Since colonisation, Australia has witnessed widespread and devastating biodiversity losses and currently possesses the highest rate of mammalian extinctions globally. Marsupials are disproportionally impacted compared to other groups and remain particularly vulnerable to environmental threats. Over the past decade, assisted reproductive technologies (ARTs), including in vitro fertilisation (IVF), have been recognised as promising tools for conservation. However, progress in ART for Australian marsupials has been limited, and IVF protocols are yet to be established.
In this study, we used the fat-tailed dunnart (Sminthopsis crassicaudata) as a laboratory-based model to establish protocols for inducing and assessing sperm capacitation, a critical step towards achieving IVF. Epididymal spermatozoa were collected from adult dunnarts via swim-out and incubated in one of nine capacitation media. Sperm motility, longevity, and capacitation-related morphological changes were monitored. We adapted and optimised quantitative assays for motility, morphology, tyrosine phosphorylation, and the acrosome reaction for dunnart sperm.
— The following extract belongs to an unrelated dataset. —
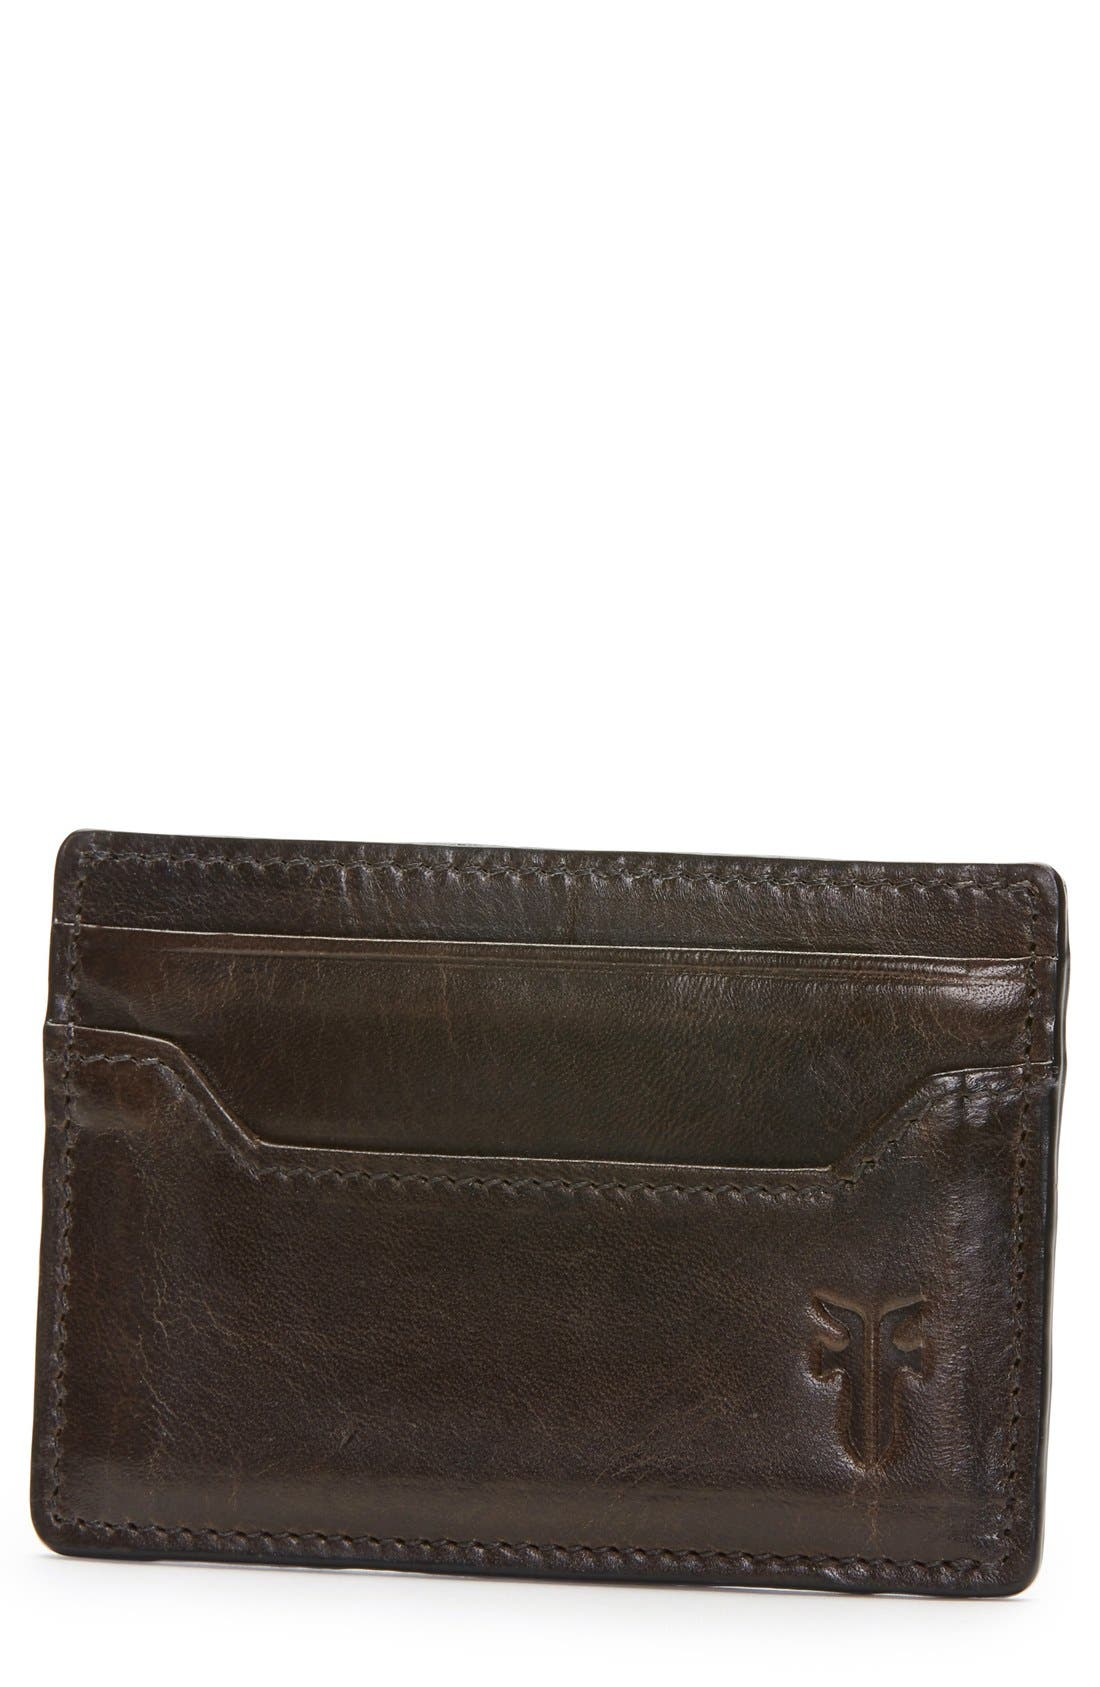 FRYE 'Logan' Leather Card Holder
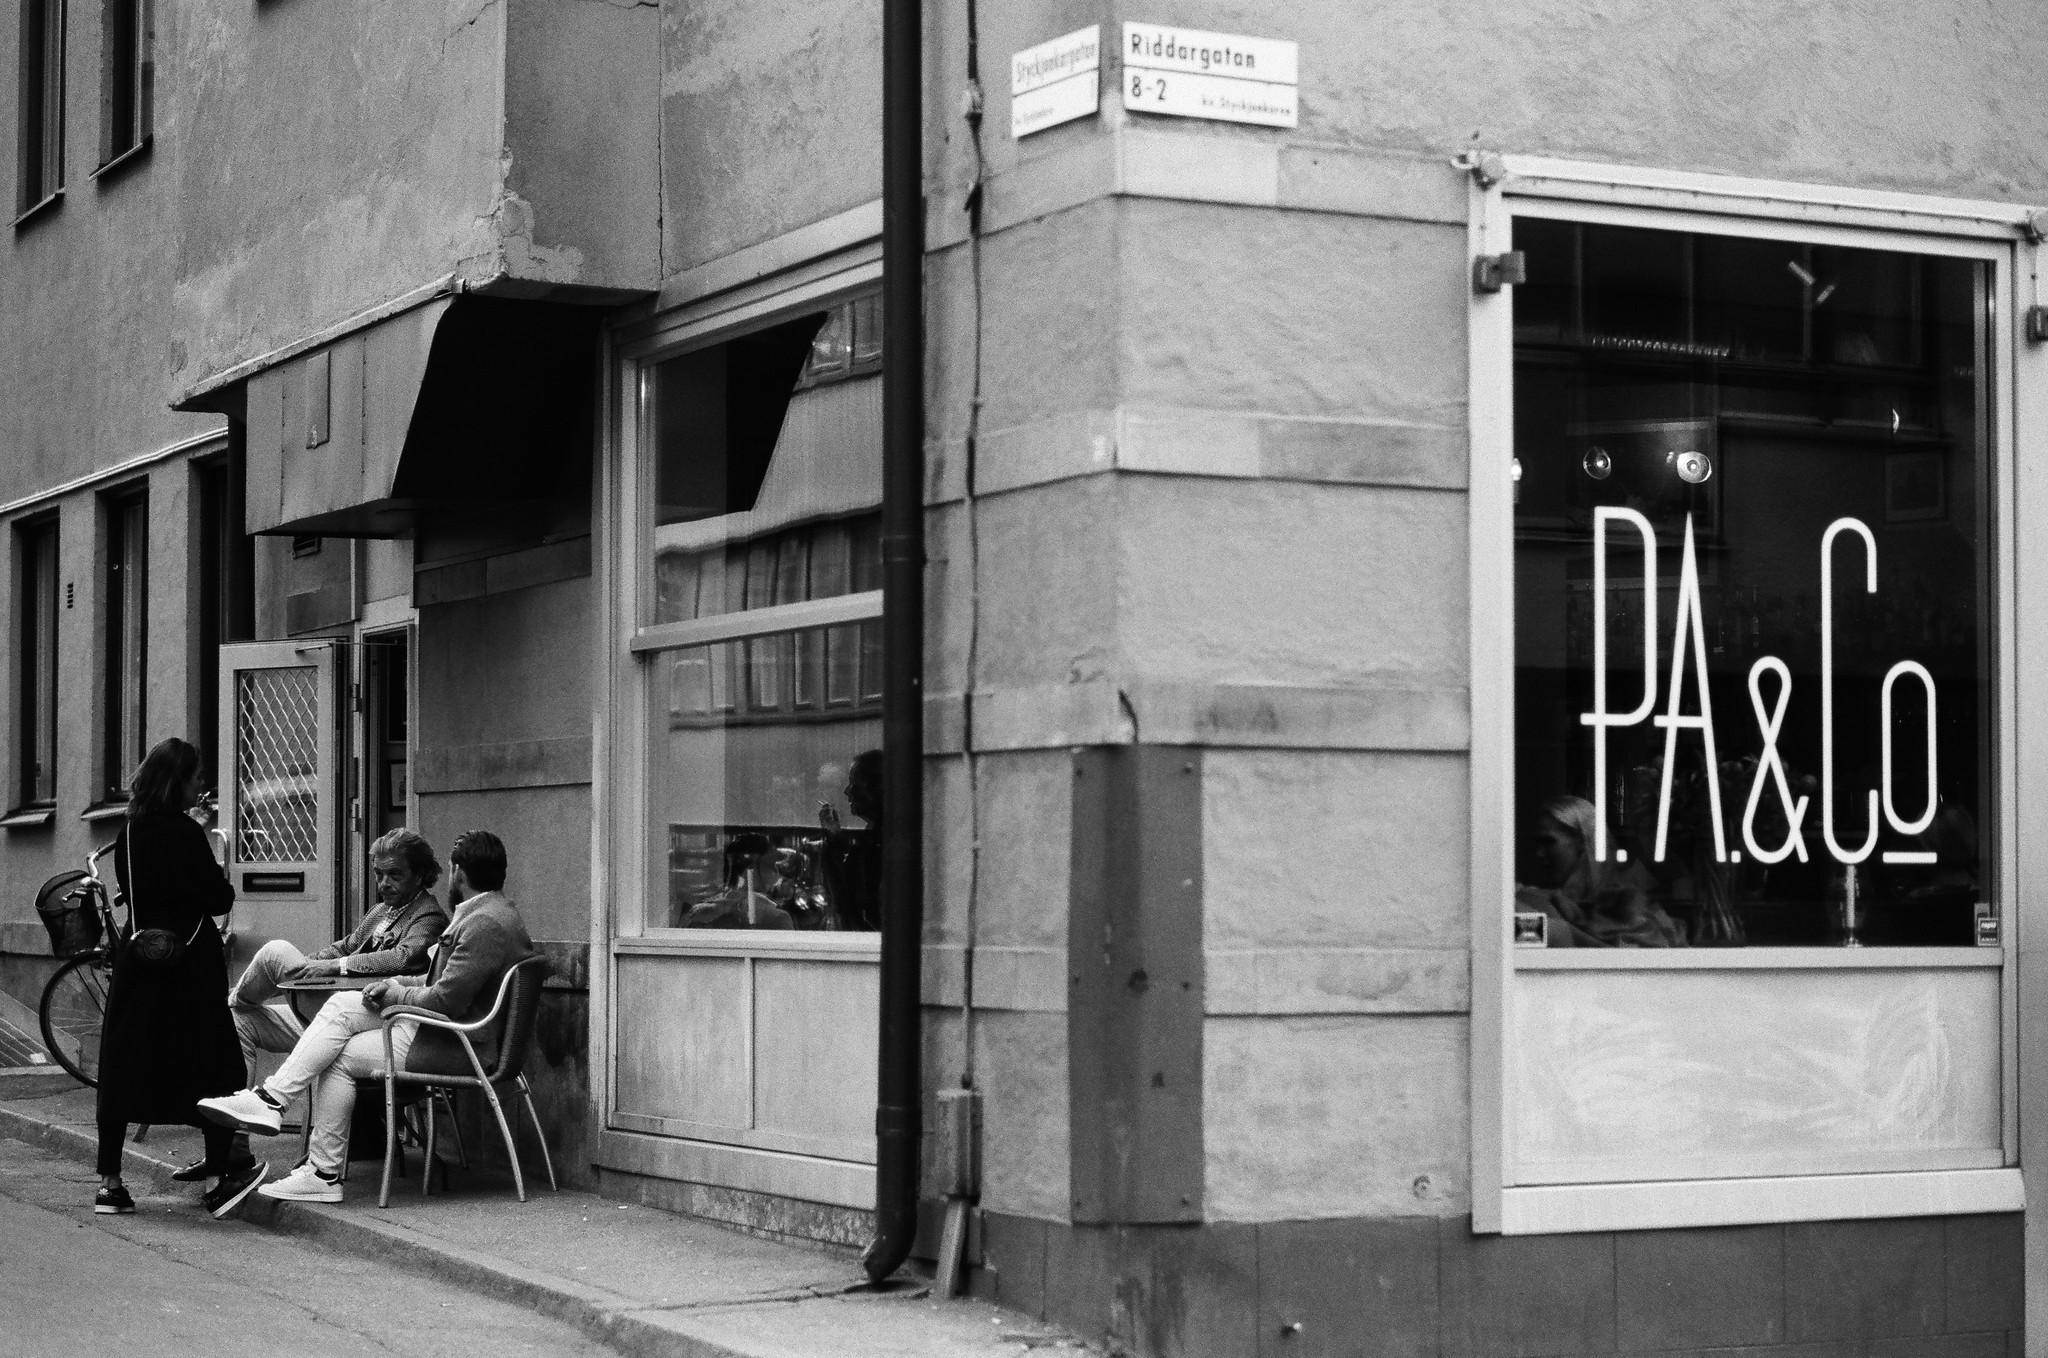 P.A. & Co (Film)

Preliminary results indicated that a newly developed culture medium supports sustained progressive motility and morphological changes associated with capacitation in dunnart sperm under defined incubation conditions. The medium outperformed a standard comparative formulation, maintaining a significantly higher motility over a two hour period. By four hours, although overall motility declined in both media, the majority of motile sperm in the novel formulation exhibited morphological features consistent with capacitation. Further analyses are underway to expand replicates and quantify key capacitation-associated parameters across additional formulations.
These findings show that a high proportion of dunnart motility can be supported in simple media, and further challenges the notion that marsupial sperm requires complex media conditions to undergo capacitation. This work advances our understanding of marsupial sperm biology, and lays essential groundwork for optimisation of IVF protocols in marsupials, with the ultimate goal of developing next-generation conservation tools for threatened species.